ALTER AUDIT POLICY
Function
ALTER AUDIT POLICY modifies the unified audit policy.
Precautions
- Only users with the poladmin or sysadmin permission, or the initial user can perform this operation.
- The unified audit policy takes effect only after enable_security_policy is set to on.
Syntax
ALTER AUDIT POLICY [ IF EXISTS ] policy_name { ADD | REMOVE } { [ privilege_audit_clause ] [ access_audit_clause ] };
ALTER AUDIT POLICY [ IF EXISTS ] policy_name MODIFY ( filter_group_clause );
ALTER AUDIT POLICY [ IF EXISTS ] policy_name DROP FILTER;
ALTER AUDIT POLICY [ IF EXISTS ] policy_name COMMENTS policy_comments;
ALTER AUDIT POLICY [ IF EXISTS ] policy_name { ENABLE | DISABLE };
privilege_audit_clause
PRIVILEGES { DDL | ALL }access_audit_clause
ACCESS { DML | ALL }filter_group_clause
FILTER ON { ( FILTER_TYPE ( filter_value [, ... ] ) ) [, ... ] }
Parameter Description
policy_name
Specifies the audit policy name, which must be unique.
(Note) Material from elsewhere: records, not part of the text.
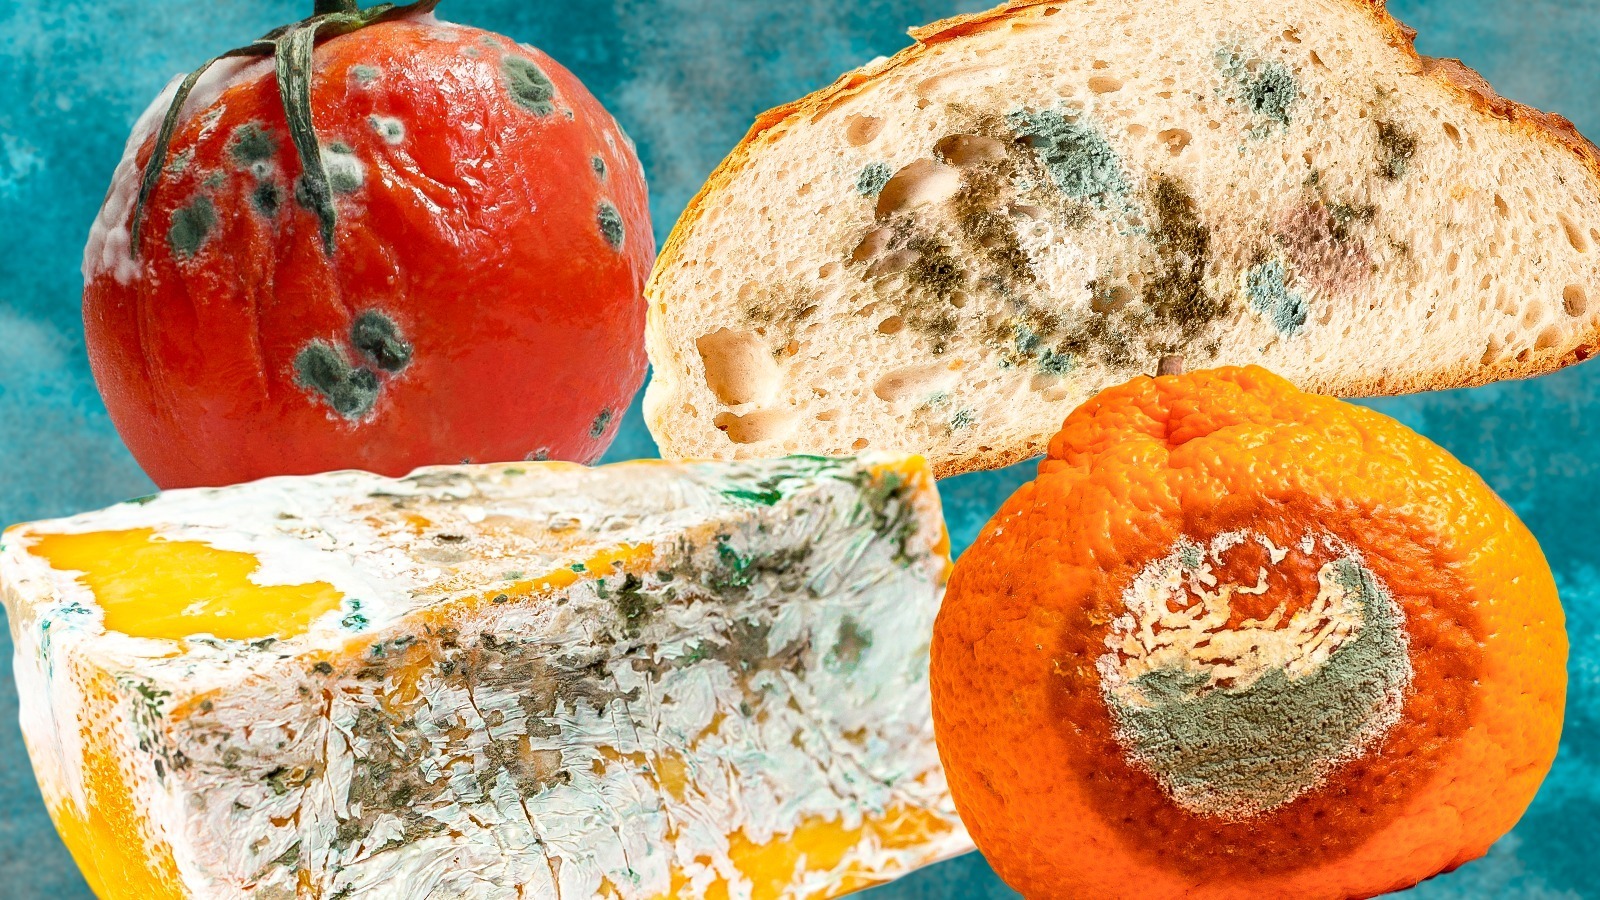 https://www.tastingtable.com/img/gallery/12-foods-you-can-and-cant-salvage-once-they-grow-mold/l-intro-1698934698.jpg
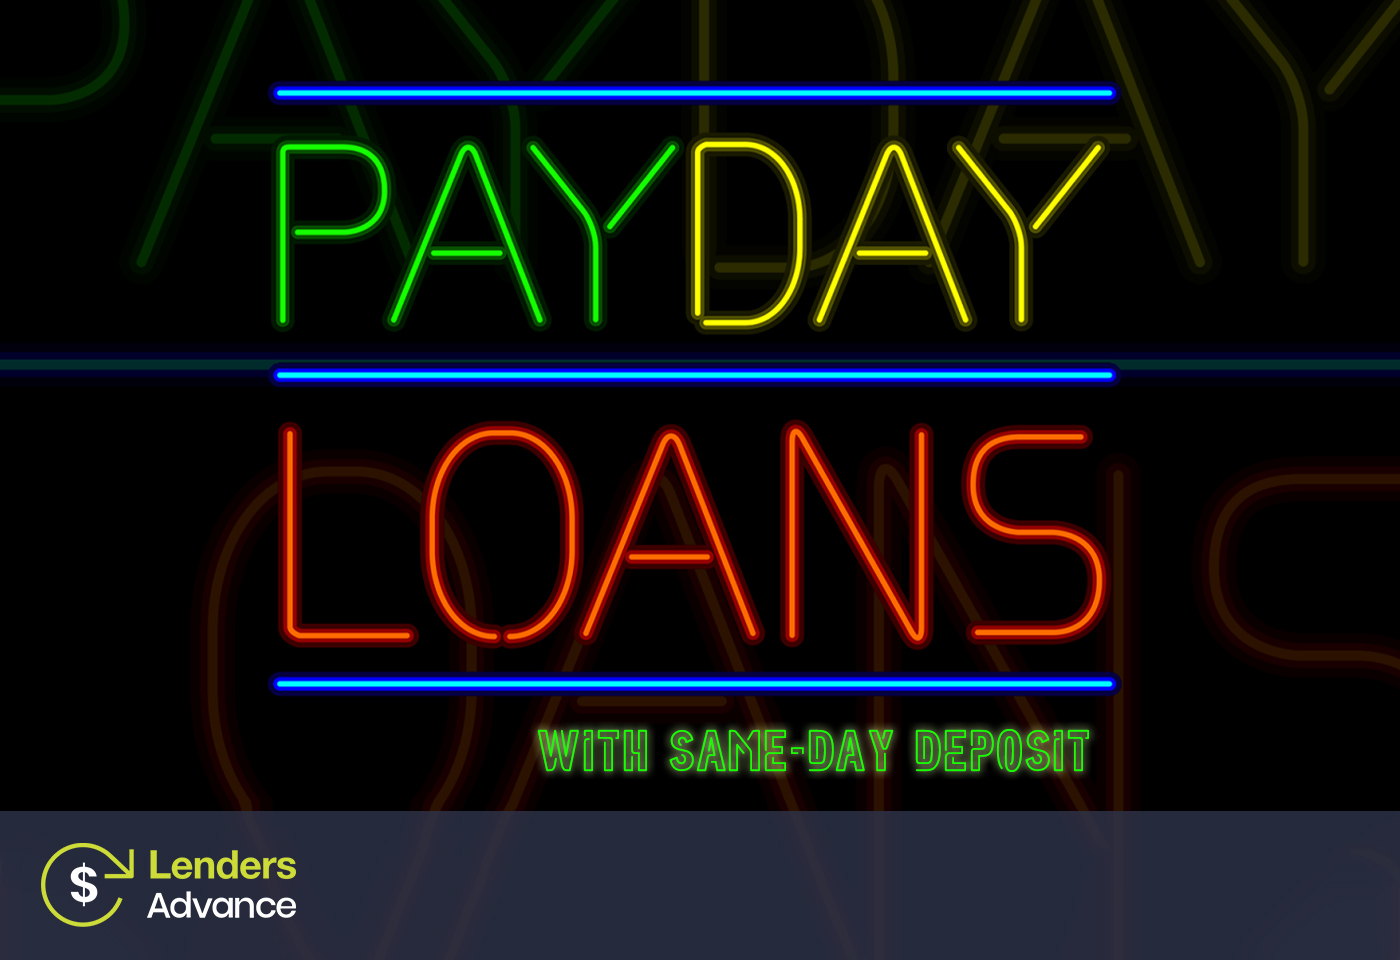 Payday Loans with Same-day Deposit
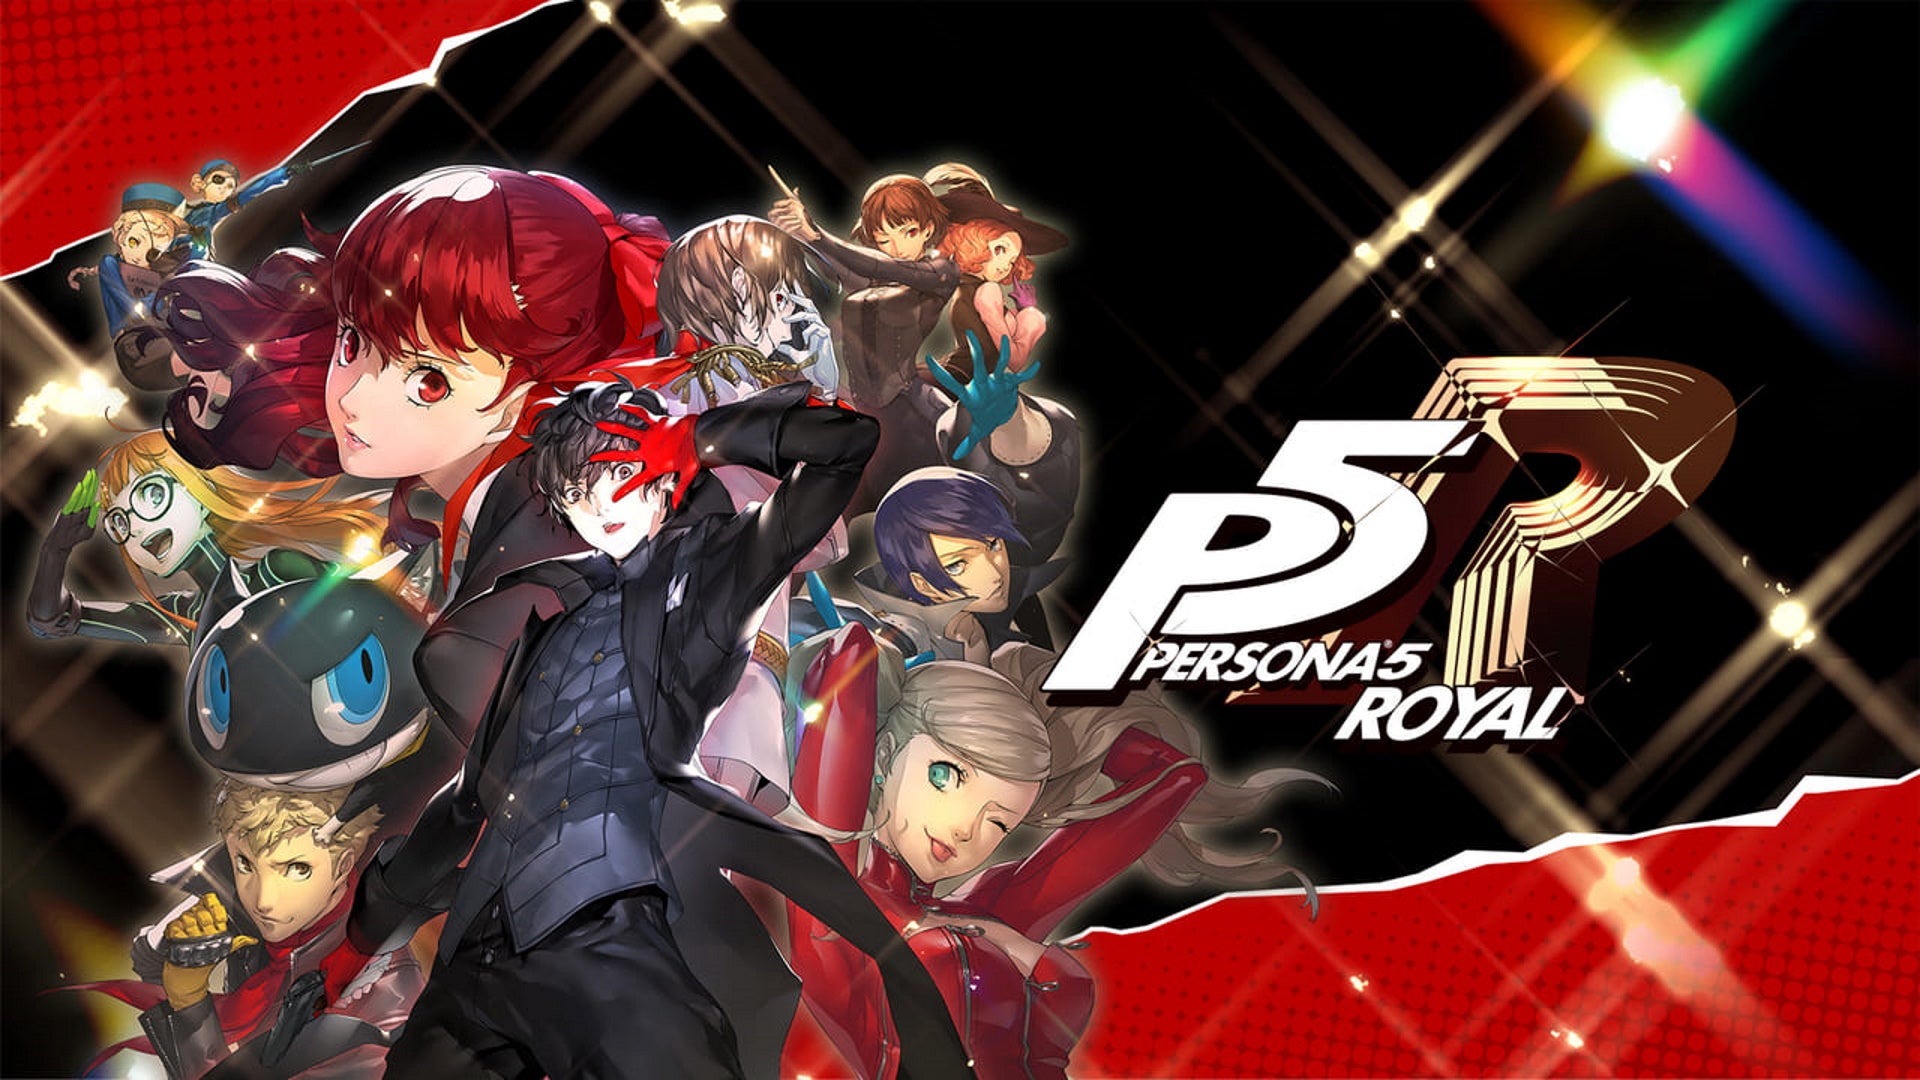 Persona 5 Royal true ending requirements: A group of anime teenagers stands against a red and black background with white and gold letters and numbers spelling out P5R

Value range: a string. It must comply with the identifier naming convention.
DDL
Specifies the operations that are audited in the database: CREATE, ALTER, DROP, ANALYZE, COMMENT, GRANT, REVOKE, SET, SHOW, LOGIN_ANY, LOGIN_FAILURE, LOGIN_SUCCESS, and LOGOUT.
ALL
Specifies all operations supported by the specified DDL statements in the database.
DML
Specifies the operations that are audited in the database: SELECT, COPY, DEALLOCATE, DELETE, EXECUTE, INSERT, PREPARE, REINDEX, TRUNCATE, and UPDATE.
FILTER_TYPE
Specifies the types of information to be filtered by the policy: IP, ROLES, and APP.
filter_value
Specifies the detailed information to be filtered.
policy_comments
Records description information of the audit policy.
ENABLE|DISABLE
Enables or disables the unified audit policy. If ENABLE|DISABLE is not specified, ENABLE is used by default.
Examples
See Examples in CREATE AUDIT POLICY.